We aim to win elections to alter our governance; we don’t make change by slaughtering all and sundry just because we don’t like them. While you are fantasizing about another happy version of a French Revolution, at least stop joking about f-cking guillotines to me because I suspect you are not joking that much. They killed thousands of innocents, including lots of women, you g-damn moron. What wannabe revolutionist dudes like you always forget is that your head ends up first on the block. When they are about to slice your head off because you are so rich you own a house mortgaged to the hilt, as the blade falls I hope you go to Eternity thinking, “Yeh, that bastard Robert was right.” Damn straight. I do know a helluva lot more about it than you and your ilk do.

I presume you have gotten around to, you know, some actual WRITING? Writing now, I have thought lots about what I feel I have accomplished so far in seven years. It is more than I ever expected in December 2013 when my very first book was released.

[A 1792 France excerpt from Conventions: The Garden At Paris. Paperback. Photo by me, 2020.]

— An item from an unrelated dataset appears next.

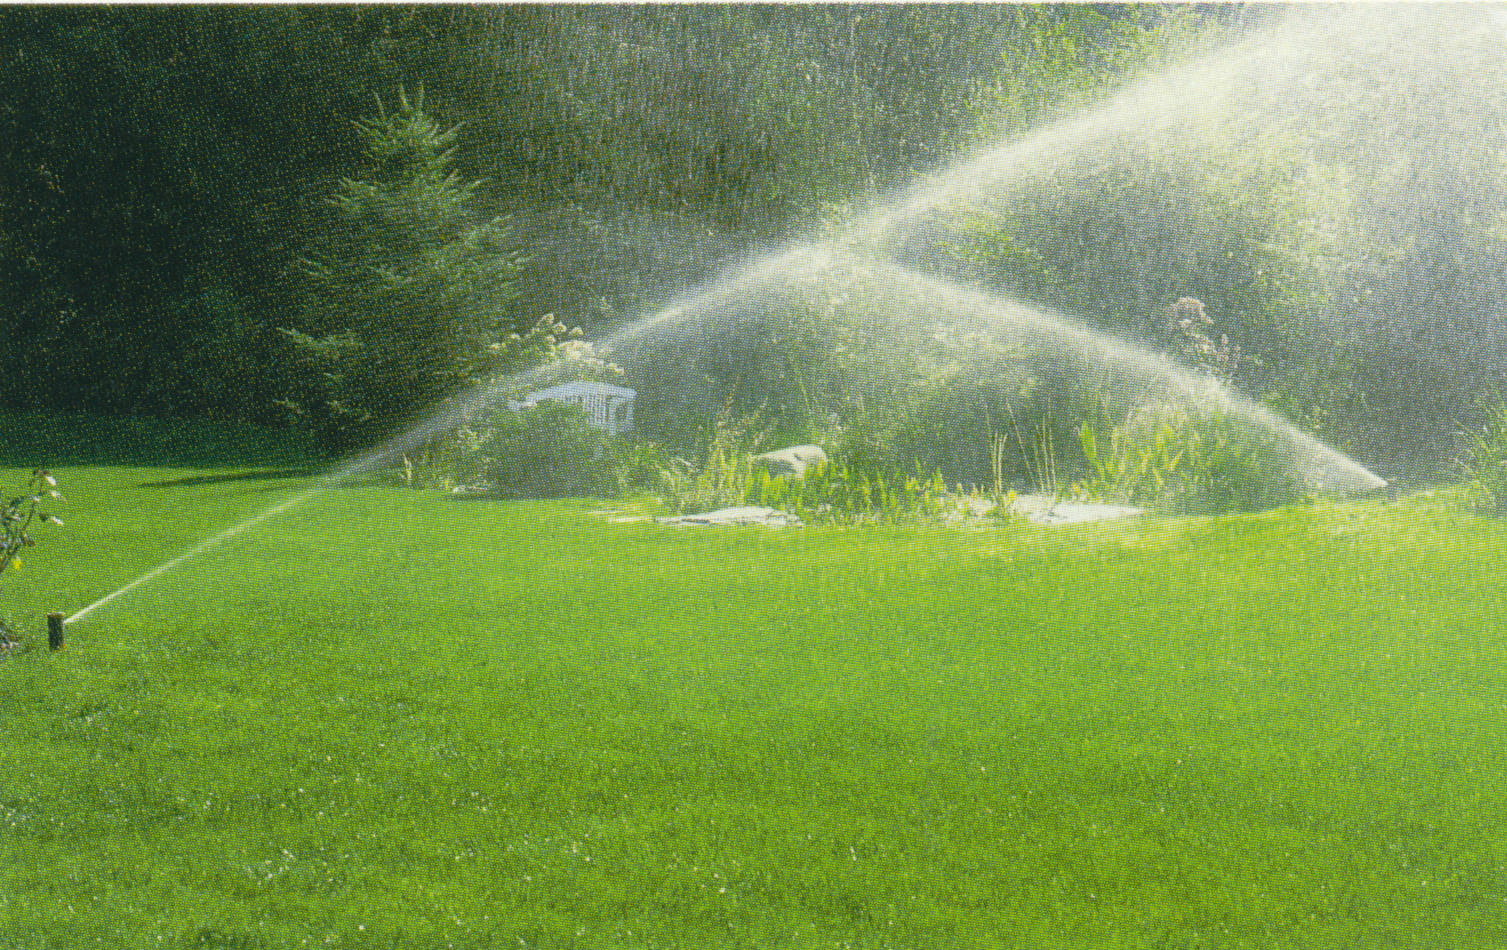 Lawn Sprinkler Contractor Essex County

I started this 1700s-1800s stuff in 2016 thinking I would write one massive novel. While I was full on writing it, though, I realized I had a distant horizon at which I could aim if I chose and it might make the whole thing huge and spectacular. So eventually that one novel became two novels, and then in my mind where I am now, this developing third. I saw not just endless writing possibilities, but importantly entertaining reading which is bottom line what this should be all about. This third novel may end this project, but I feel it will be a wonderful ending. The other day I had a great time writing several new pages. It all came out so organically, so richly on target. We all know those feelings when it just happens and we cannot explain it. We always hope for as many of those days as possible.

One of the biggest mistakes I think any of us make is that we think any other writer really cares about what we write. Because most of them, frankly, don’t. Only our true friends do. (I suppose we are those.) Authors have to use social media today not only because publishers demand it but because every business uses it; but on a creative level I think social media has often been a disaster for authors. If we think back to before about 20 years ago, an author would write and get feedback and advice mostly from a close circle. That was my uncle’s authoring world from the 1980s to 2000: his publisher, his agent, a few writer friends he drank with and knew WELL would chime in some, and they were about it. Some self-proclaimed “beta reader” guy in Hoboken he had never met didn’t “critique” the manuscript too.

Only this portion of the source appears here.